On the wider aspect of contaminants (ingested directly) would you like to comment on the ADRV and CAS appeal decision of Lizzy Banks?
UKAD decided that she bore ‘no fault or negligence’ but WADA appealed that and CAS decided that because (massive simplification) the source of the contaminant could not be identified - a critical requirement for a ‘no fault or negligence’ finding - that a two year suspension was justified.
Given lab ability to detect nanoscopically small concentrations of substances, should the system not get a grip of MRLs?

CAS Judgement:

Banks’ take:

WADA’s Director General Olivier Niggli made a strong public statement about the issues of contamination in sport:

“Today there is a contamination problem. This does not mean that there are more cases of this kind than in the past, the fact is that laboratories are more efficient in detecting even infinitesimal quantities of substances. The quantities are so small that you can get contaminated by doing harmless things. The truth is that we hear a lot of stories and I understand the public opinion that can end up thinking that we take everything. With thresholds we would not have seen all these cases. What we need to understand is whether we are ready to accept microdosing and where it is right to stop. A working table will be created precisely for this type of reflection.”

Yes, that can be assumed. The anti-doping organisation never publishes a provisional suspension on its own initiative. The ADO must inform the athlete and the association. In some cases, the association also insists that this be made public, especially in the case of very well-known athletes or at major events, in order to demonstrate transparency.
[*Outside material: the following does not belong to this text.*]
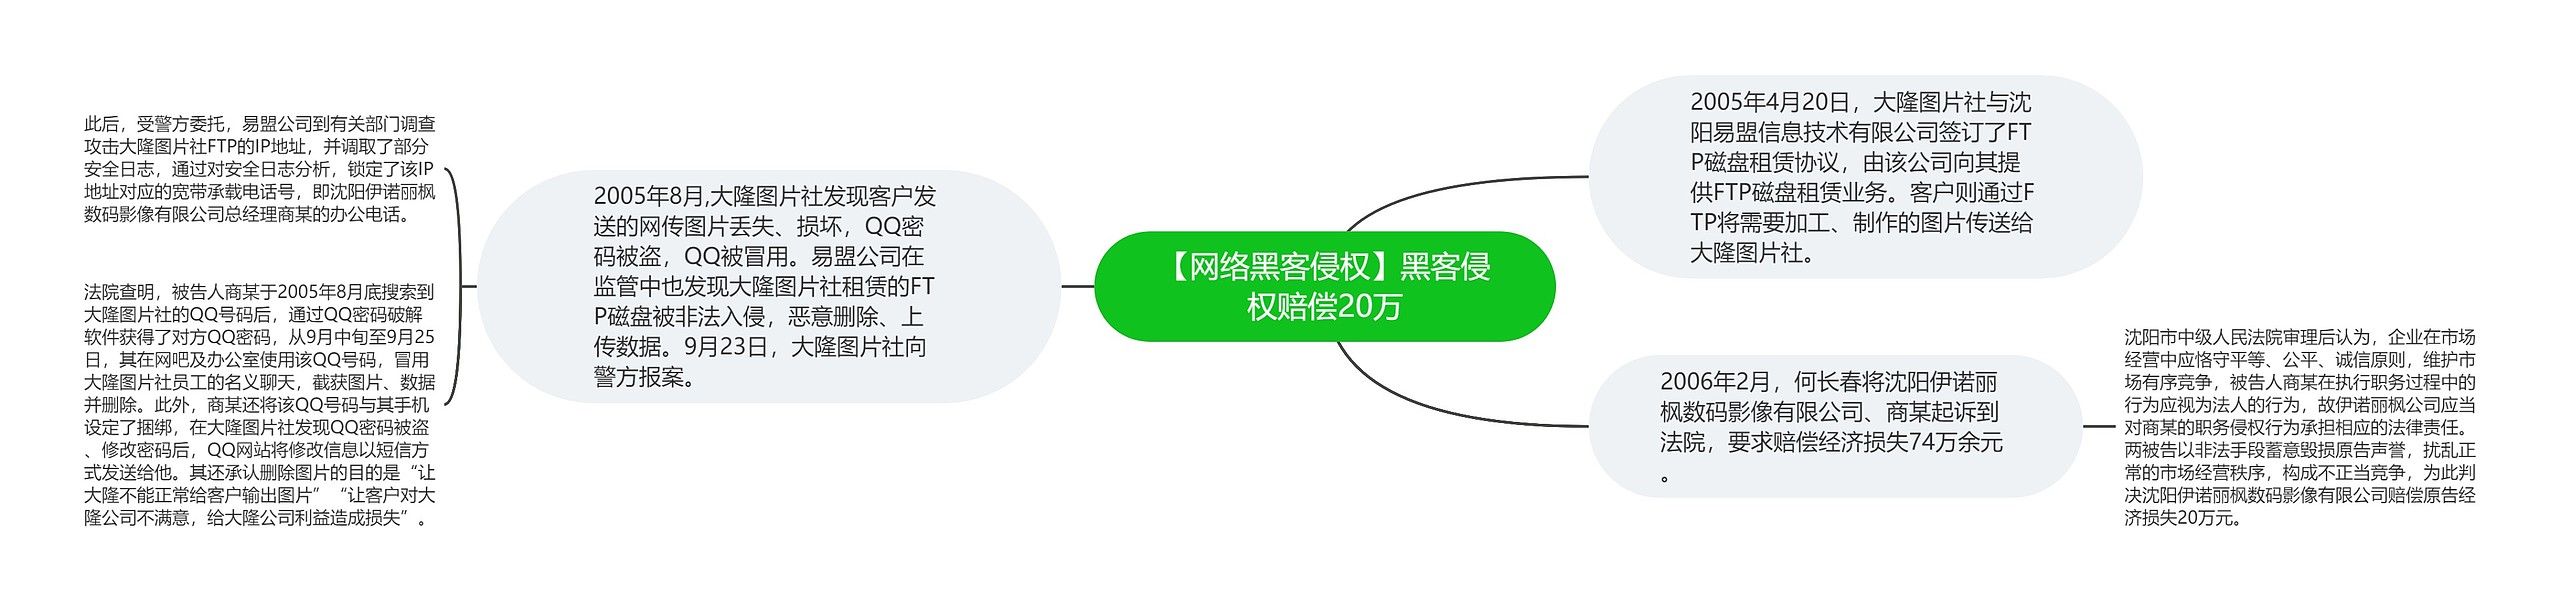 【网络黑客侵权】黑客侵权赔偿20万

And some athletes publish this information on their own initiative.

I must say in advance that I am not familiar with the details of the case.
But in general, the ability of laboratories to detect even the smallest doses of banned substances raises many questions and has led to many controversial decisions recently.
This is a point that is currently the subject of much debate. Some are calling for the introduction of limits (currently there is zero tolerance). However, such limits would open the door to micro-doping.

What is your opinion on this?

I suggest MRLs (Minimum Reporting Levels) for prohibited substances should be constructed, with inclusion on such a list prioritised for specific substances/types which are known to show up as contaminants in medications and supplements.
The MRL would need to take account of the risk that that substance might be used for microdosing.
The important balance is to deter (by discovery and penalty) PED use but avoid dragging athletes with nanoscopic traces through the expensive system (expensive in resources and very expensive/catastrophic to the athlete). If that means that microdosing is less deterred then, imho, that’s a balance worth hitting. There are bigger fish to fry. However there are people (and NADAs) out there with a far more informed opinion than this officer.

“Specified substances more likely to have been consumed or used by an athlete for a purpose other than the enhancement of sports performance. For example, diuretics and masking agents” WADA

Can you change the title to, “I work at an anti doping agency, ask me your questions”.

It’s better if there is a new thread every time there is an athlete with a positive so that the particulars of the case are discussed separately.